Output each line of the listing exactly, though pictures are not to appear.
Start of LISTED ENTRIES
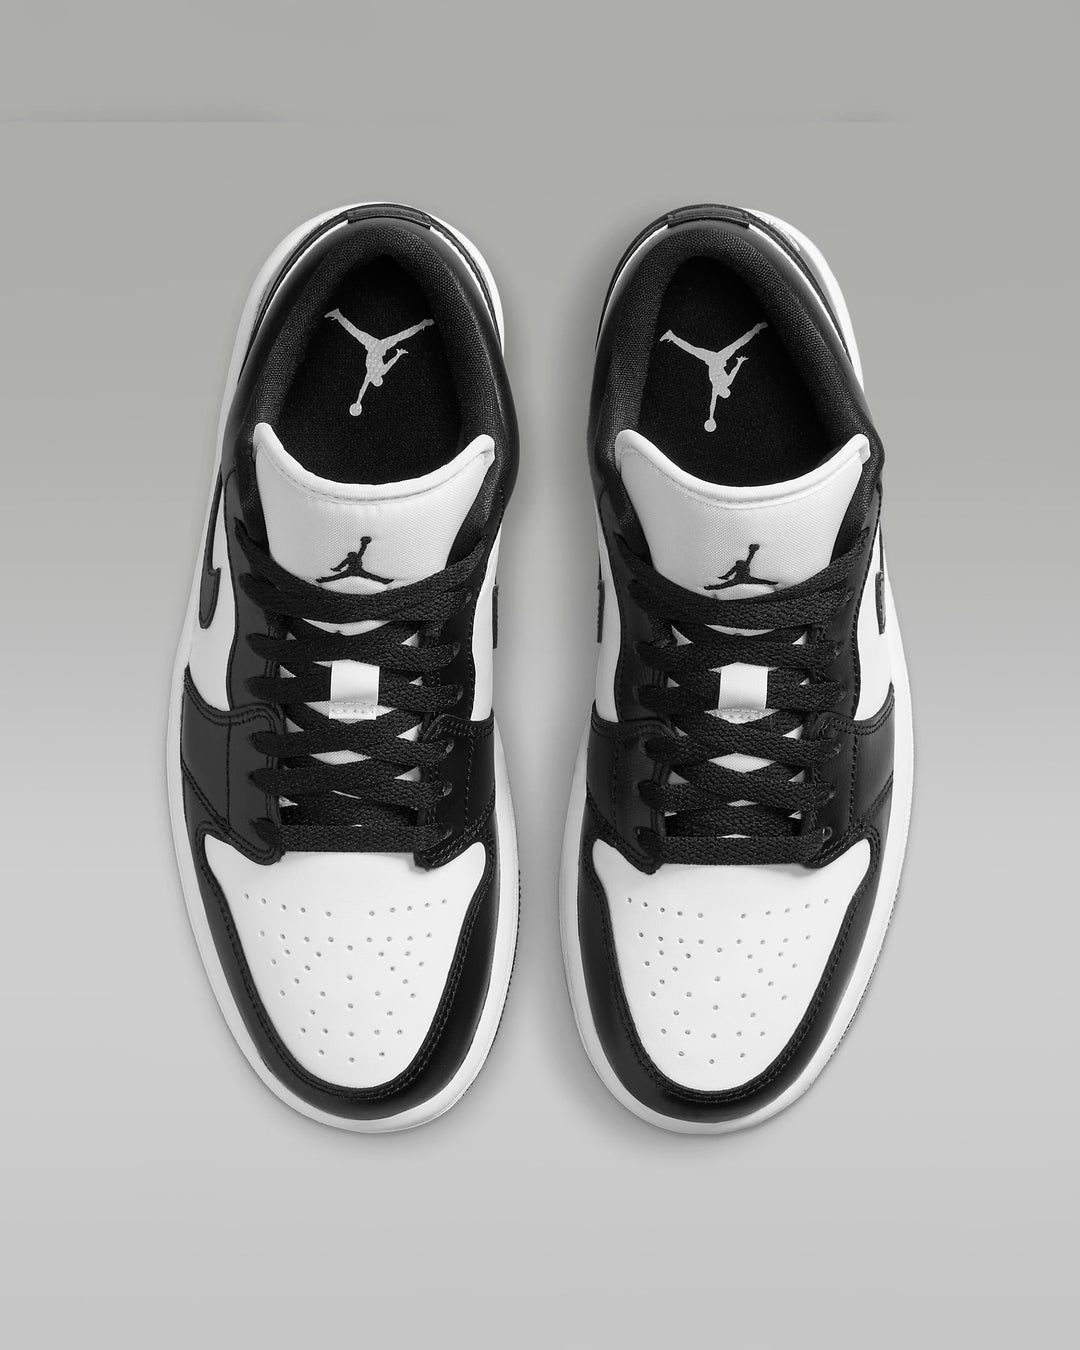 Giày Nike Air Jordan 1 Low Women Shoes #White Black - Kallos Vietnam
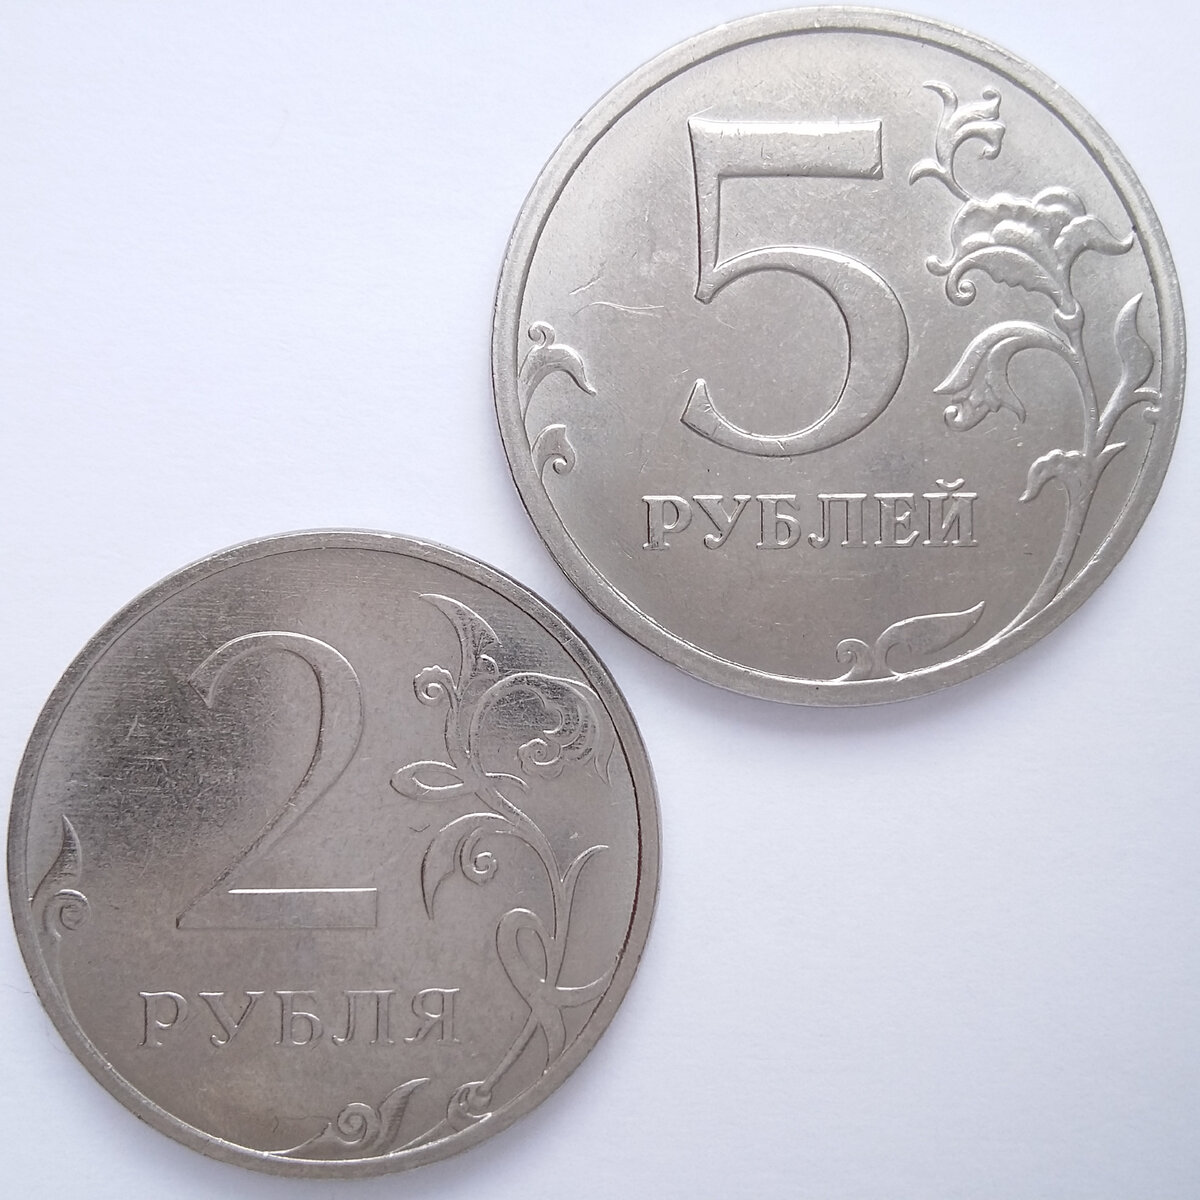 5 рублей 2021. 2 Рубля 2021 года. Монета 2 рубля 2021.
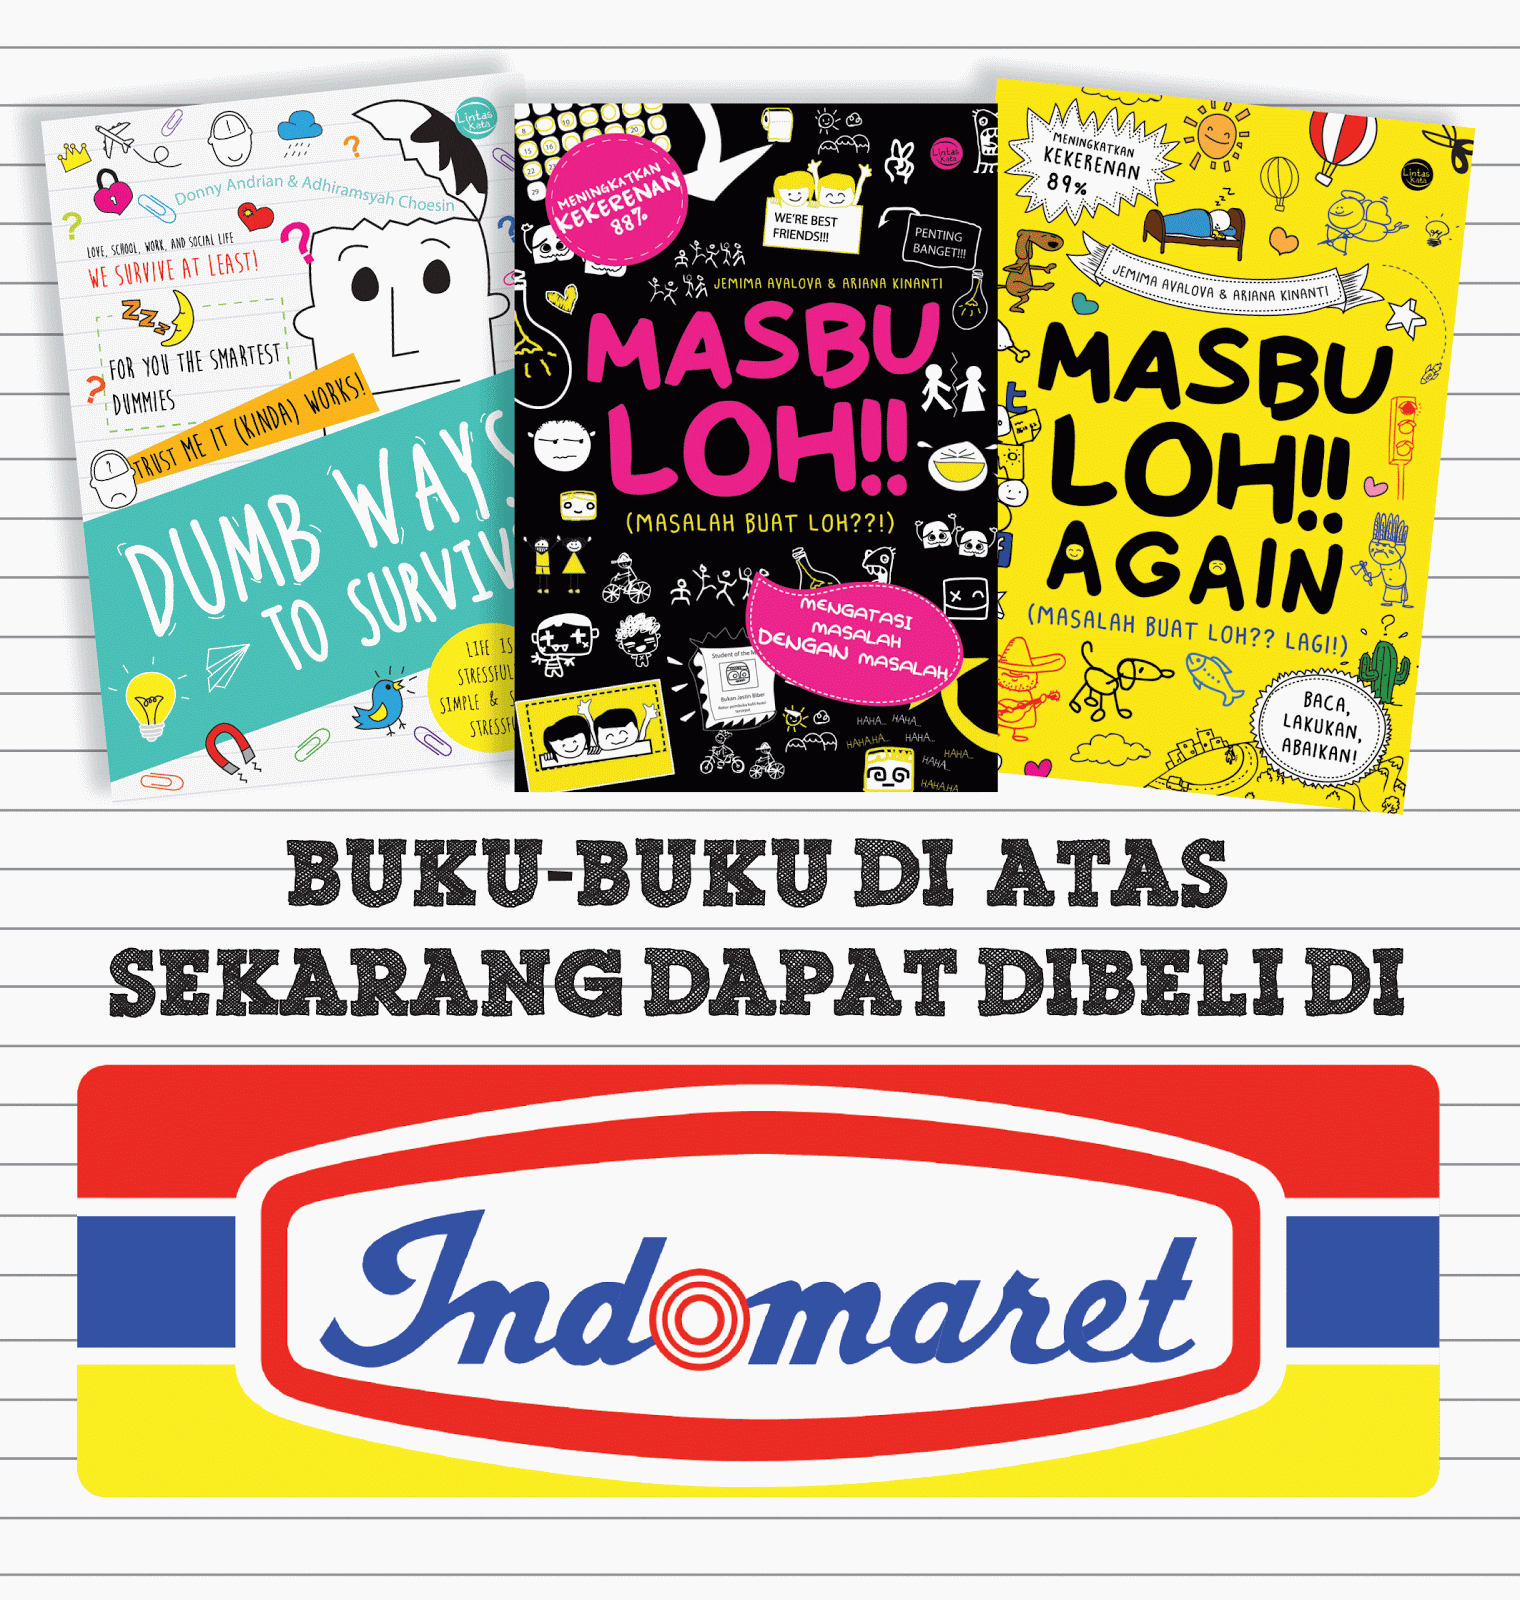 Sekarang beli buku bisa di Indomaret!
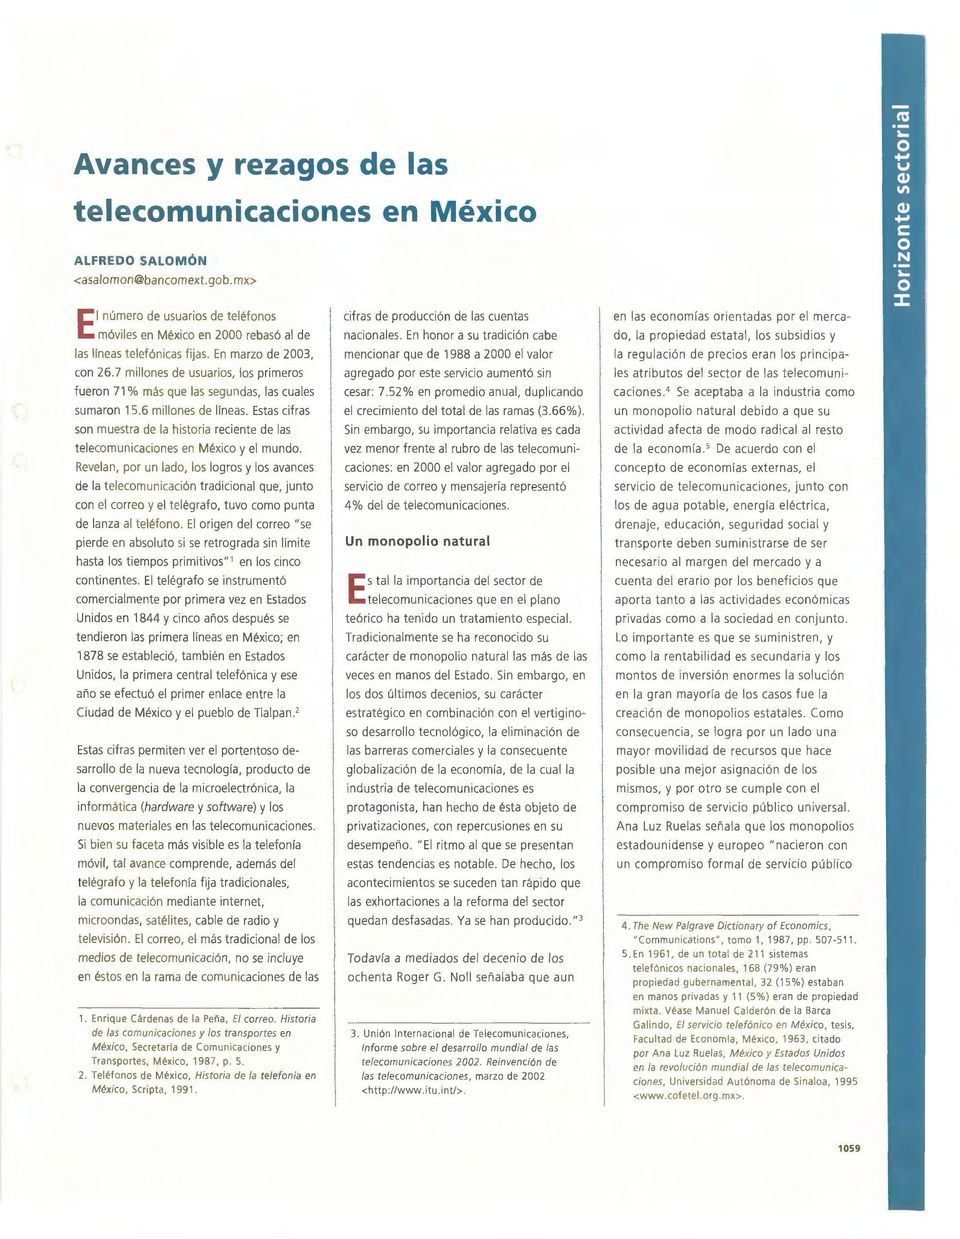 Estas cifras sn muestra de la histria reciente de las telecmun icacines en Méxic y el mund.
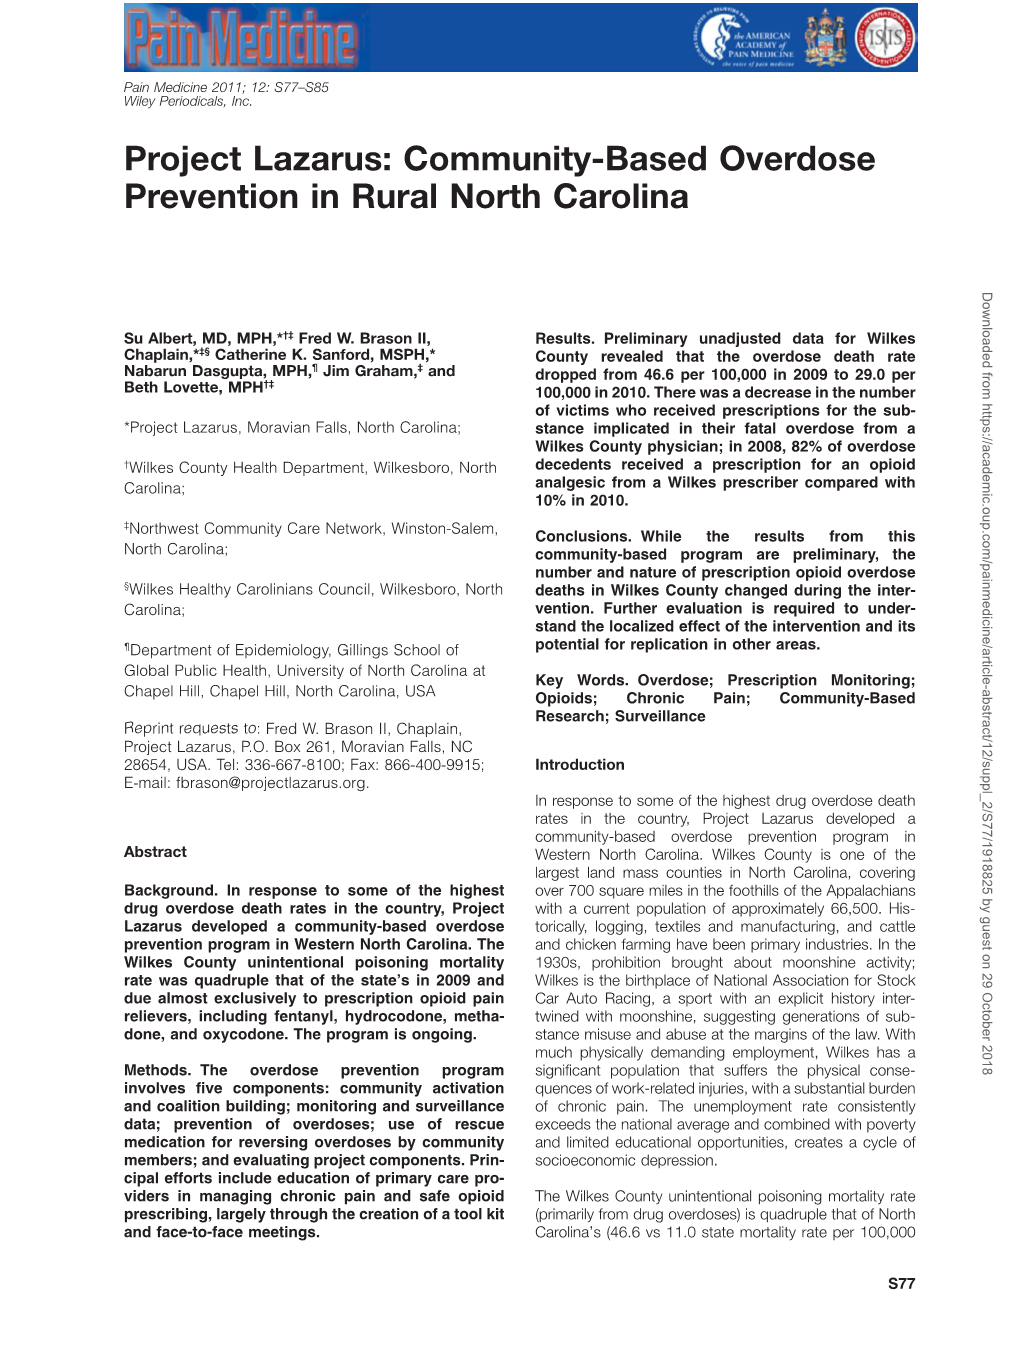 Project Lazarus: Communitybased Overdose Prevention in Rural North Carolina
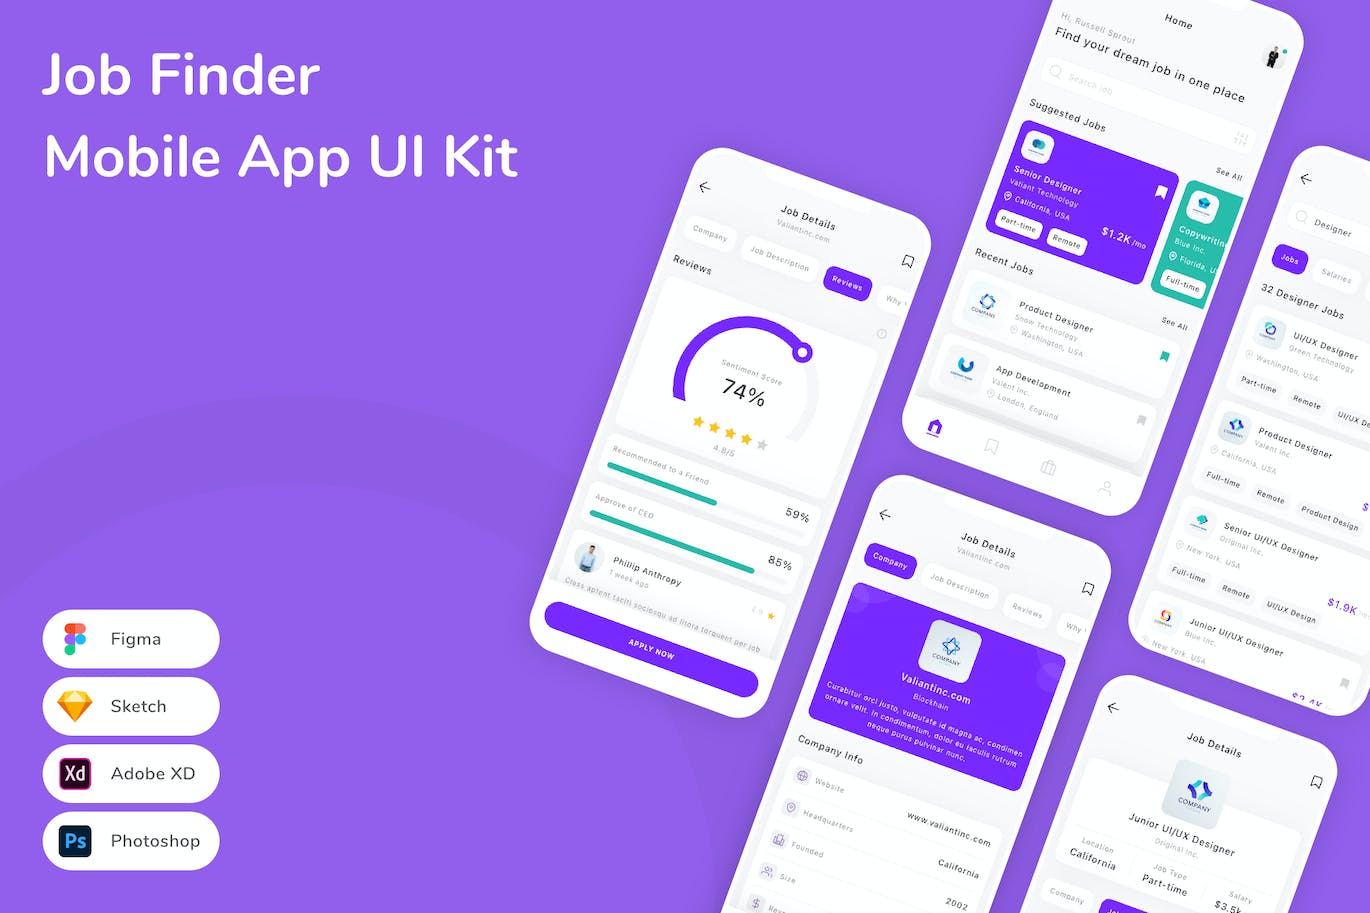 求职找工作App应用程序UI工具包素材 Job Finder Mobile App UI Kit APP UI 第1张
End of LISTED ENTRIES
ANSWER BOX
 Giày Nike Air Jordan 1 Low Women Shoes #White Black - Kallos Vietnam
 5 рублей 2021. 2 Рубля 2021 года. Монета 2 рубля 2021.
 Sekarang beli buku bisa di Indomaret!
 Estas cifras sn muestra de la histria reciente de las telecmun icacines en Méxic y el mund.
 Project Lazarus: Communitybased Overdose Prevention in Rural North Carolina
 求职找工作App应用程序UI工具包素材 Job Finder Mobile App UI Kit APP UI 第1张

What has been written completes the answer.